Their hike sparked a theory that reveals a new class of fractals, one that dispensed with the problem of infinity. "It's as though we no longer needed to see all the stars in the universe, because the pattern that keeps repeating forever can be seen on a three-mile walk to Tallulah Falls," Ono says.
Ramanujan's congruences are explained by their fractal theory. The team also demonstrated that the divisibility properties of partition numbers are "fractal" for every prime. "The sequences are all eventually periodic, and they repeat themselves over and over at precise intervals," Ono says. "It's like zooming in on the Mandelbrot set," he adds, referring to the most famous fractal of them all.
The oracle
But this extraordinary view into the superstructure of partition numbers was not enough. The team was determined go beyond mere theories and hit upon a formula that could be implemented in the real world.

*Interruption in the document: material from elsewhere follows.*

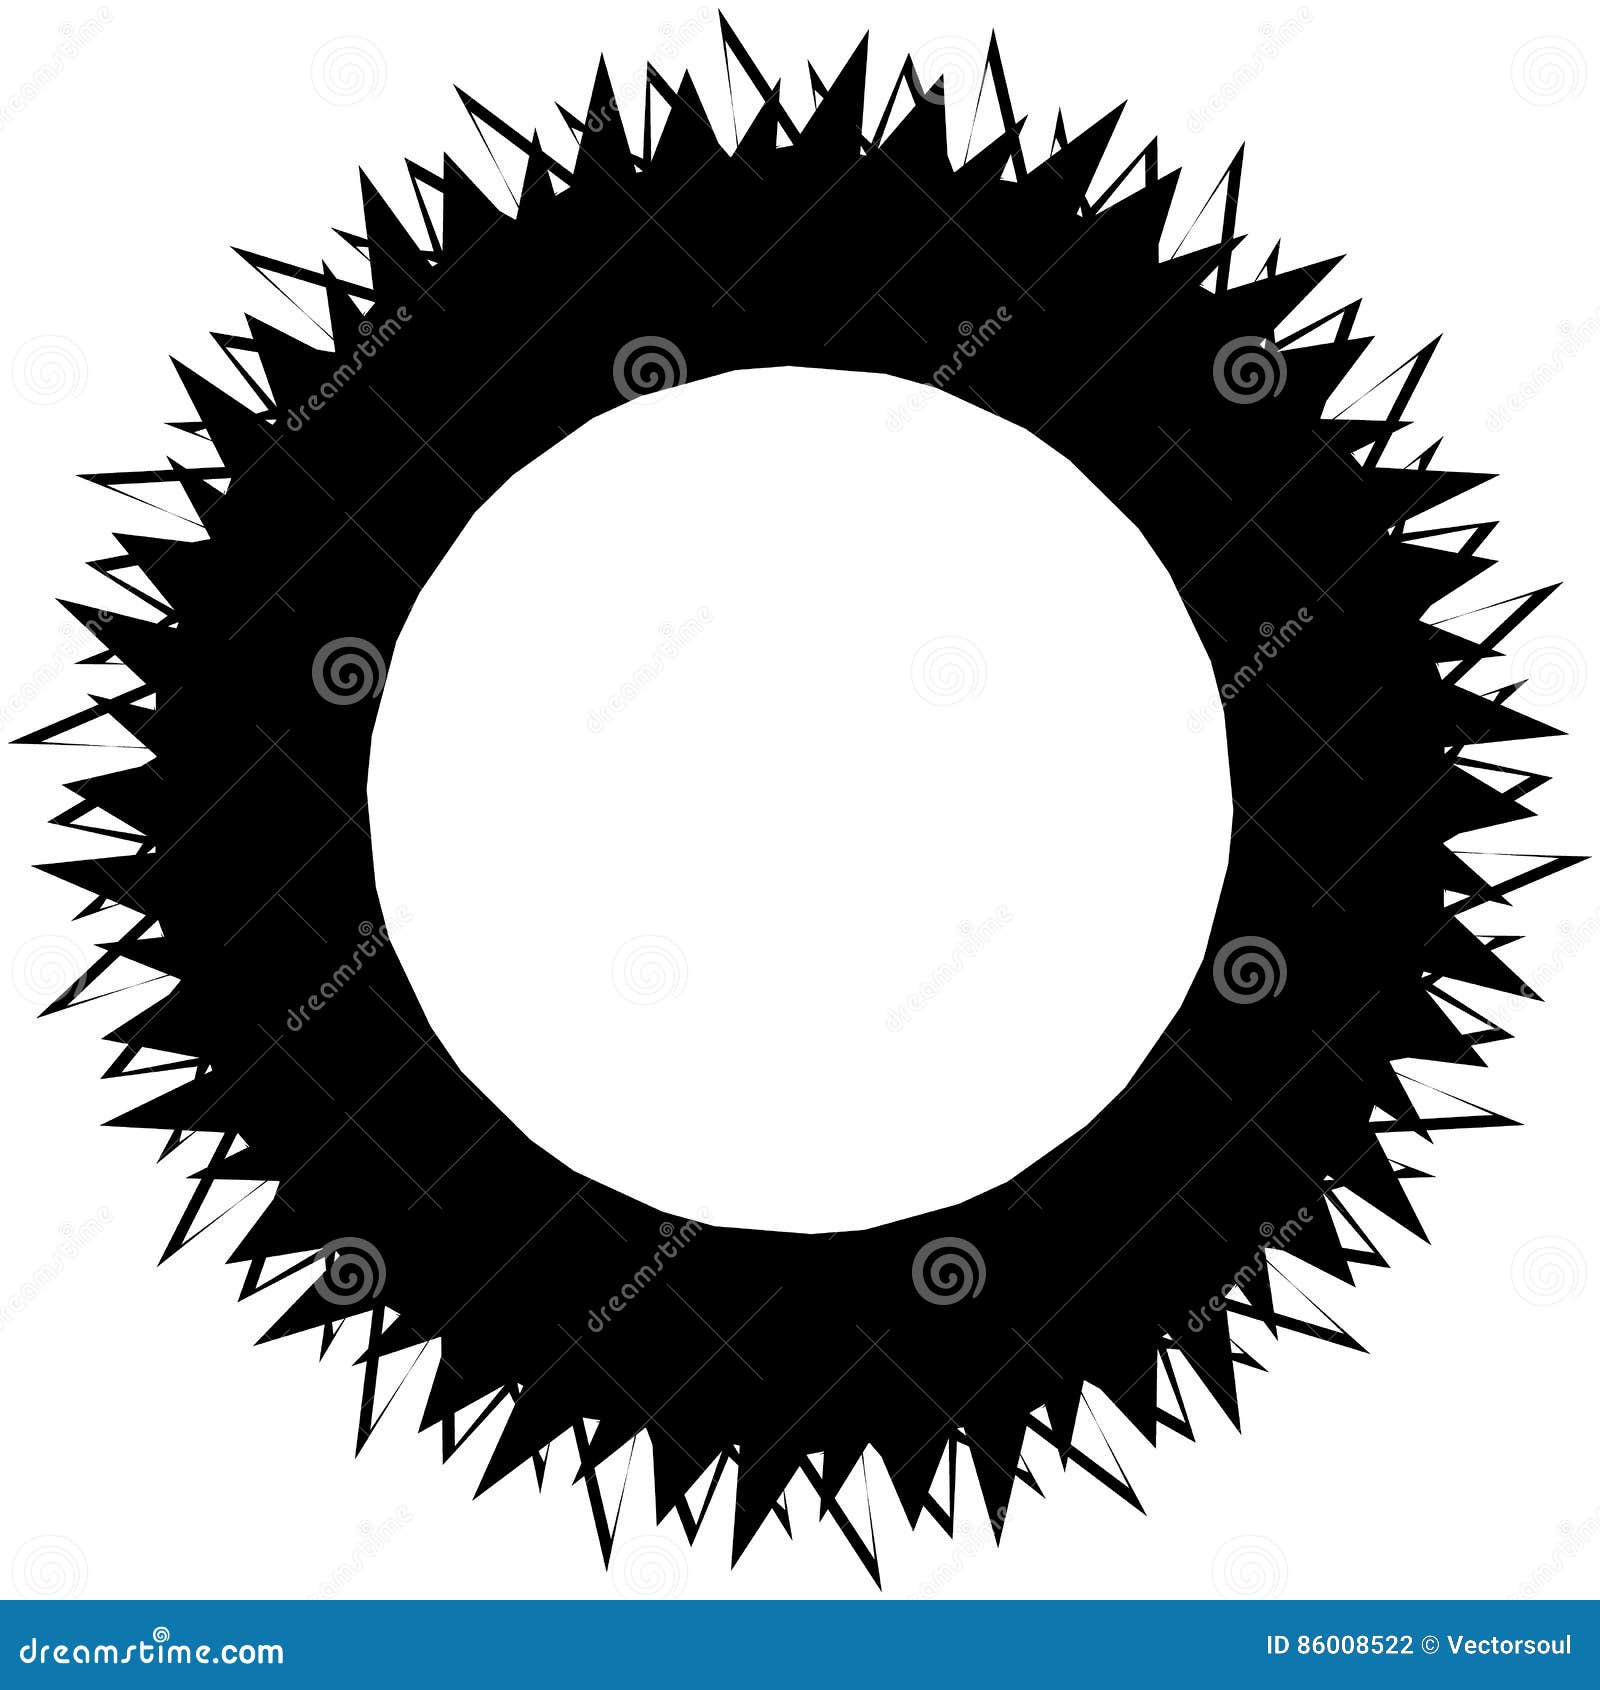 Edgy monochrome circular element. Black and white angular motif, shape - Royalty free vector illustration

The final eureka moment occurred near another Georgia landmark: Spaghetti Junction. Ono and Jan Bruinier were stuck in traffic near the notorious Atlanta interchange. While chatting in the car, they hit upon a way to overcome the infinite complexity of Rademacher's method. They went on to prove a formula that requires only finitely many simple numbers.
"We found a function, that we call P, that is like a magical oracle," Ono says. "I can take any number, plug it into P, and instantly calculate the partitions of that number. P does not return gruesome numbers with infinitely many decimal places. It's the finite, algebraic formula that we have all been looking for."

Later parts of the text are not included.